Saludos exagerados, los mejores!

Anónimo dijo...

Maes Ligus:

dice Dharma que las coincidencias no existen, a lo que respondí que las "coincidencias" son ese cúmulo de hilos que tiramos para maniobrar la conducta de los otros, a lo que vienes y me plantas este relato diciendo que las "coincidencias" son esperar una hora en un murito y tomar una ramita y pinchar un botón cualquiera para que la vida nos diga "pasa". Y no hacerle caso al cerebro.
Gracias.Hasta pronto.
¿Encontrarste las baquetas rosas?

Muñeca dijo...

ay, cerebro,cerebro... creo que a mi me ubiera pasado lo mismo... quizás en algún momento me pase, pero creo que preguntaría boton por boton después de haber tirado abajo el teléfono público...
Admirable tu paciencia...
Saludos... cualquier cosa tomá "Fosfovita" jeje :)

Luciana dijo...

Esta historia es real:

Mamá me pide que la acompañe a buscar la casa de la señora de X, madre a su vez de una compañerita de colegio. Mamá no sabe la dirección de la señora de X, pero sí la calle, que tiene aproximadamente unas 10 cuadras de extensión, en dirección oriente-poniente. Acompaño a mamá, elegimos una cuadra de esas 10, ella muy segura toca el timbre en una de las casas (ni siquiera la de la esquina o la más grande o la más llamativa) y me afirma "debe ser la casa de la señora de X, porque las flores del jardín se parecen a ella". Abren la puerta, y señora de X con mi compañerita nos salen al encuentro, sonrientes.
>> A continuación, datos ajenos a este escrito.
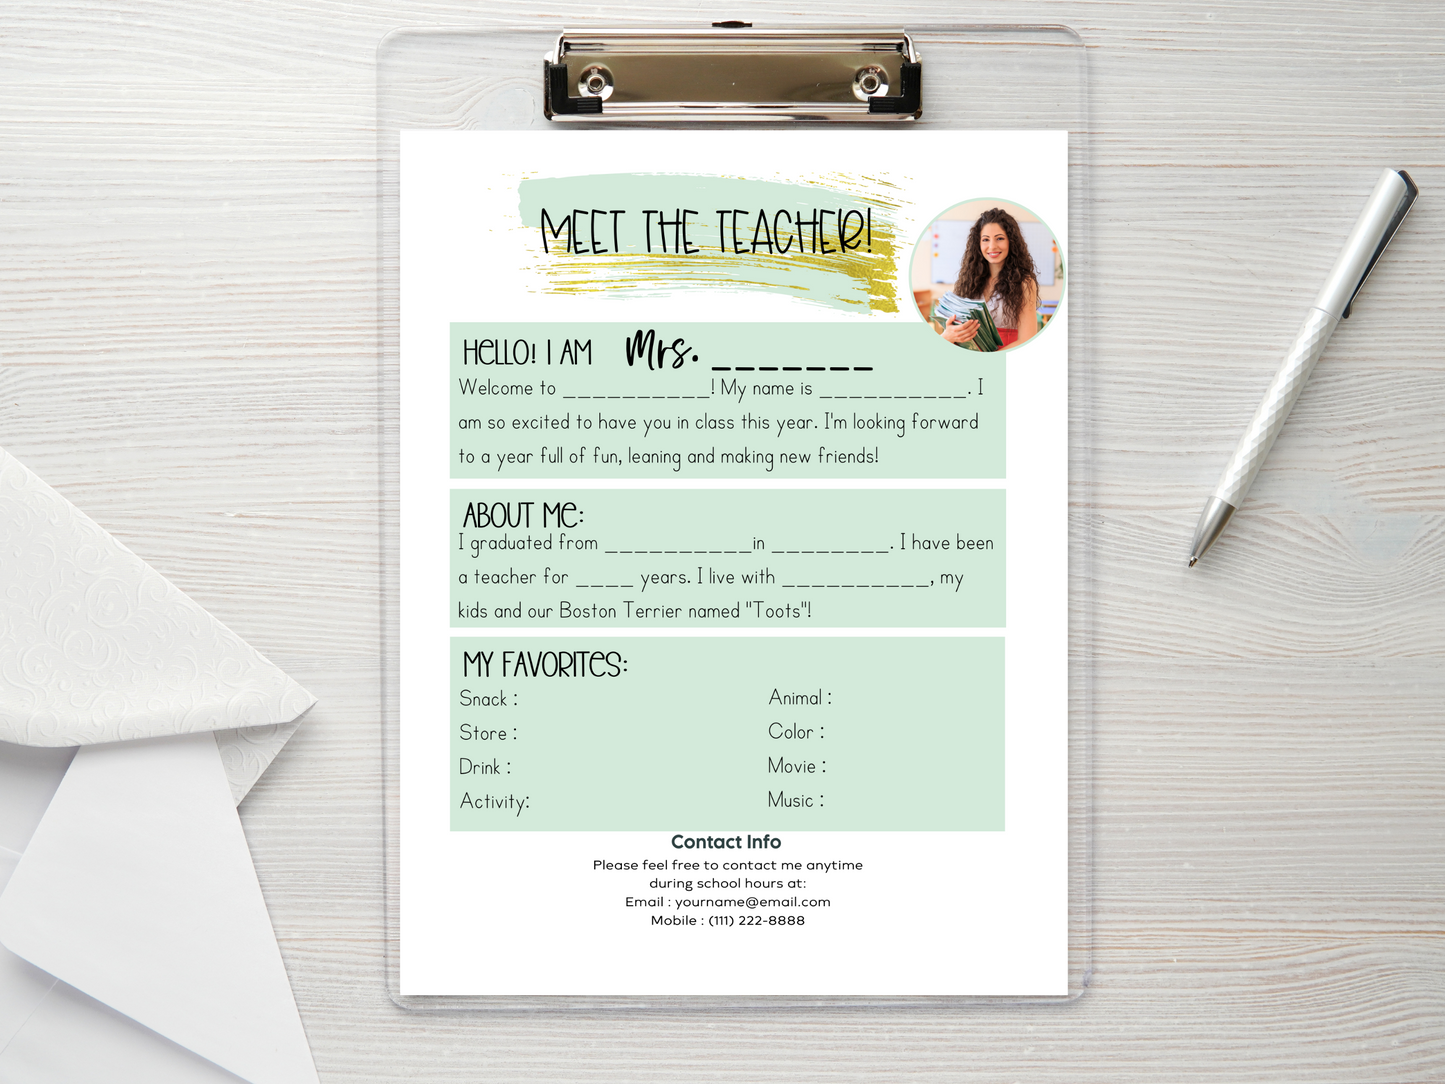 Meet the Teacher Letter Template - Mint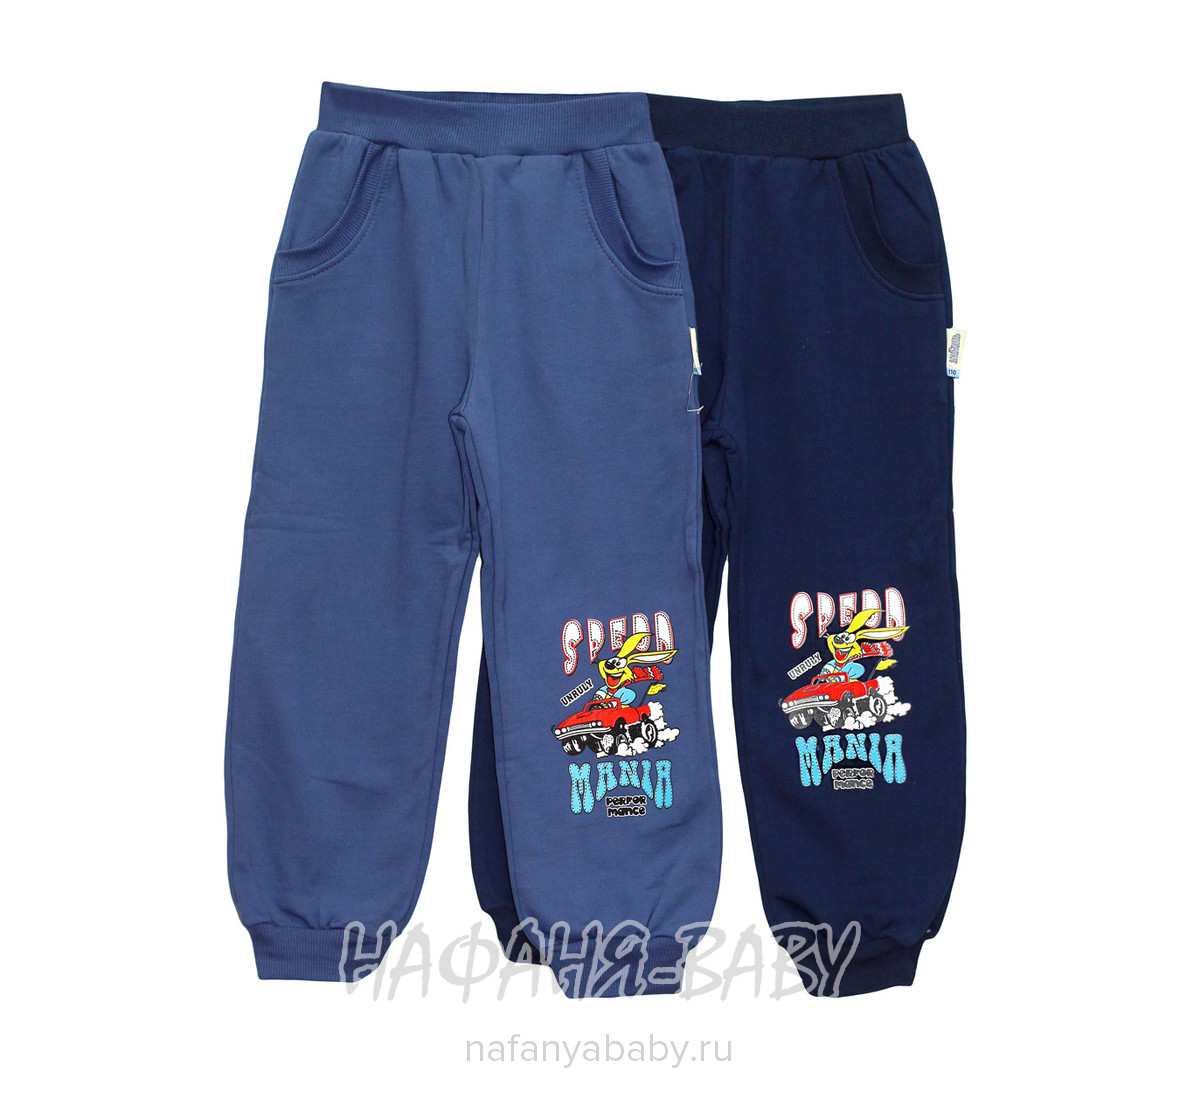 Детские брюки UNRULY арт: 6504, 1-4 года, 5-9 лет, цвет сине-серый, оптом Турция

Insisto que el cerebro piensa en caminos torcidos.

Hectorchamboli dijo...

¿quien entiende el cerebro? es muy grande el cerebro del ser humano, bueno de algunos seres humanos, de seguro el cerebro de Lavín cabe en una caja de fósforos, memoria maldita que todo lo olvida, memoria maldita que no logra olvidar, daría todo por olvidarla y mi memoria me lo impide, daría todo por recordar esos momentos de felicidad y no puedo, a veces hay que dejar la intelectualidad de lado y simplemente actuar.



Que estés bien chao

El chico desenfocado dijo...

El azar es como un superhérore que viene en nuestra ayuda cuando menos fe tenemos en él.

Anónimo dijo...

Agradabilísimo blog. Gracias.

Mariana dijo...

Mi cerebro me hace lo mismo! y cuando le doy un tiempito libre se pone a pensar y pensar y me termina enroscando mal...
Ahora jamas se va a acordar un numero de telefono mi querido cerebro, jamas. Agenda pa todos lados.

marian

Fer dijo...

Esto suele ocurrir cada vez que se intenta pensar con la cabeza. ¡Craso error! El cerebro es el órgano menos indicado para las actividades mentales...

Explorando dijo...

yo tengo un trato con mi cerebro: yo no lo jodo y el no mejode. pero no siempre funciona...

Dharma dijo...

Hasta las lágrimas... El problema no es el cerebro, sino las lagunas mentales. Suelo apelar a mi queridísimo coágulo cerebral ambulante cuando me suceden este tipo cosas.
En otro edificio cualquiera, quizás te repondería una voz femenina.
Saludos!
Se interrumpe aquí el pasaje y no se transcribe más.